最近もChatGPTを開発した米国のオープンAIとパートナーシップ契約を締結し、米国のシリコンバレーのスタートアップに独自開発したチップを利用したAIスーパーコンピュータを発注するなど、データプラットフォーム事業の拡大に力を入れている会社でもある。タフヌーン・ビン・ザーイド顧問は、「UAE建国の父」とされるザーイド元大統領の息子であり、ムハンマド・ビン・ザーイド・アール・ナヒヤーン大統領の弟であり、UAEの実力者であります。

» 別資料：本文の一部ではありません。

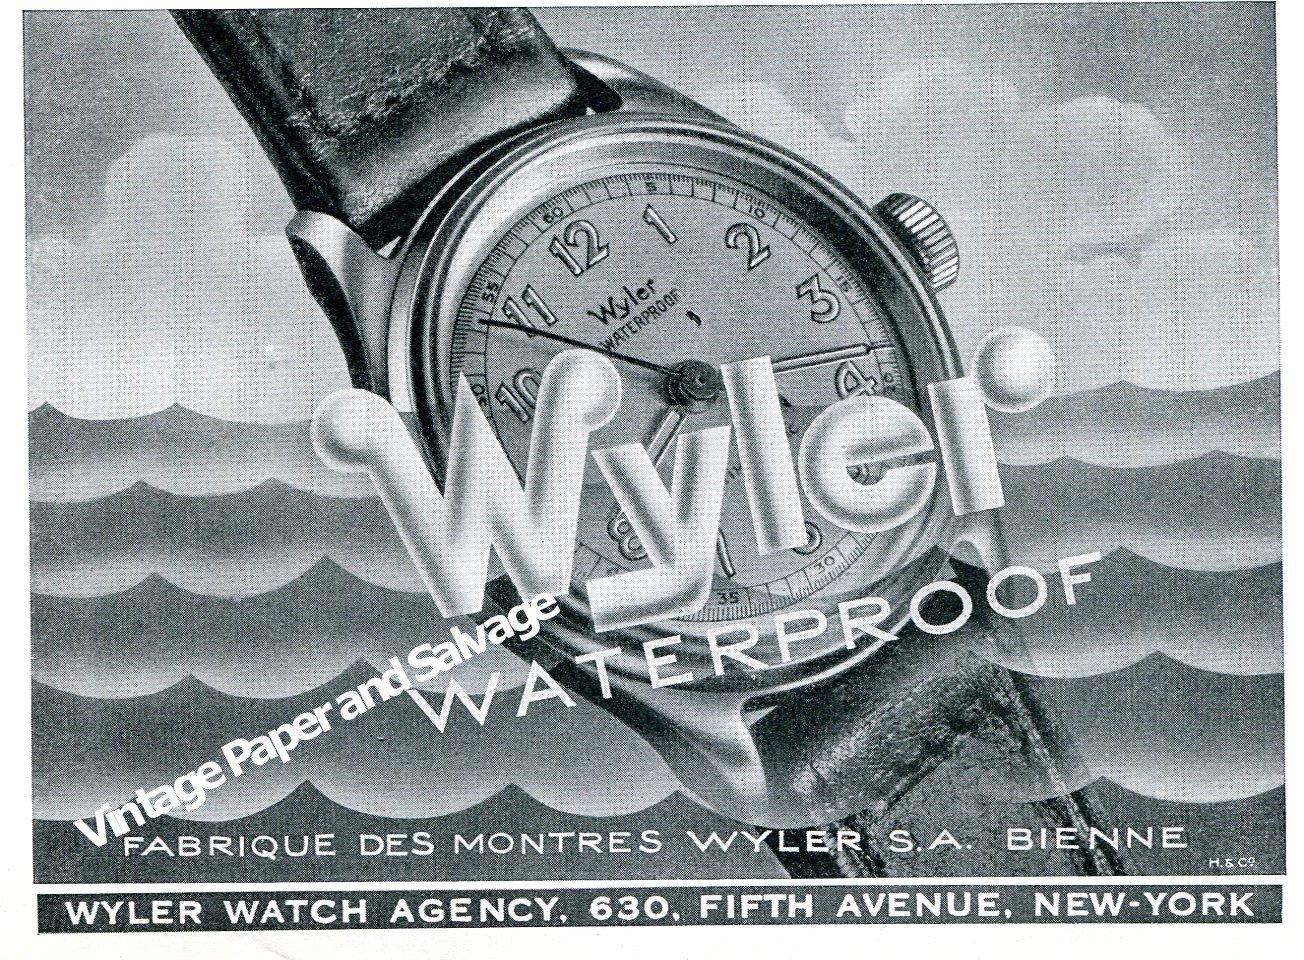 Vintage 1944 Wyler Watch Company Switzerland 1940s Swiss Print Ad Advert Suisse Schweiz

石油のみに依存する産業構造の変革を進めるUAE王家の1人でもあります。ニューヨーク・タイムズによると、CIAなど米国の情報機関は、G42が中国本土系通信機器メーカーのファーウェイ、製薬メーカーのシノファームなど複数の中国本土企業と提携しているとの報告書を取り纏めており、G42が数百万人の米国人のDNA情報まで、中国本土政府に引き渡す懸念があるとも指摘しています。
米国の情報機関はファーウェイが通信機器に通話の内容やデータを流すバックドアを仕掛けたと疑っています。また今年6月にタフヌーン・ビン・ザーイド顧問がホワイトハウスを訪問した際、サリバン国家安全保障担当補佐官は、「G42は中国本土企業との関係を断ち切るべきである。」と圧力を加えたとの報道もなされています。中国本土系でUAEの市民権を持つ肖鵬氏がG42のCEOであることも米国がG42に疑いの目を向ける理由の一つとも見られています。 今後の動向を注視したいと思います。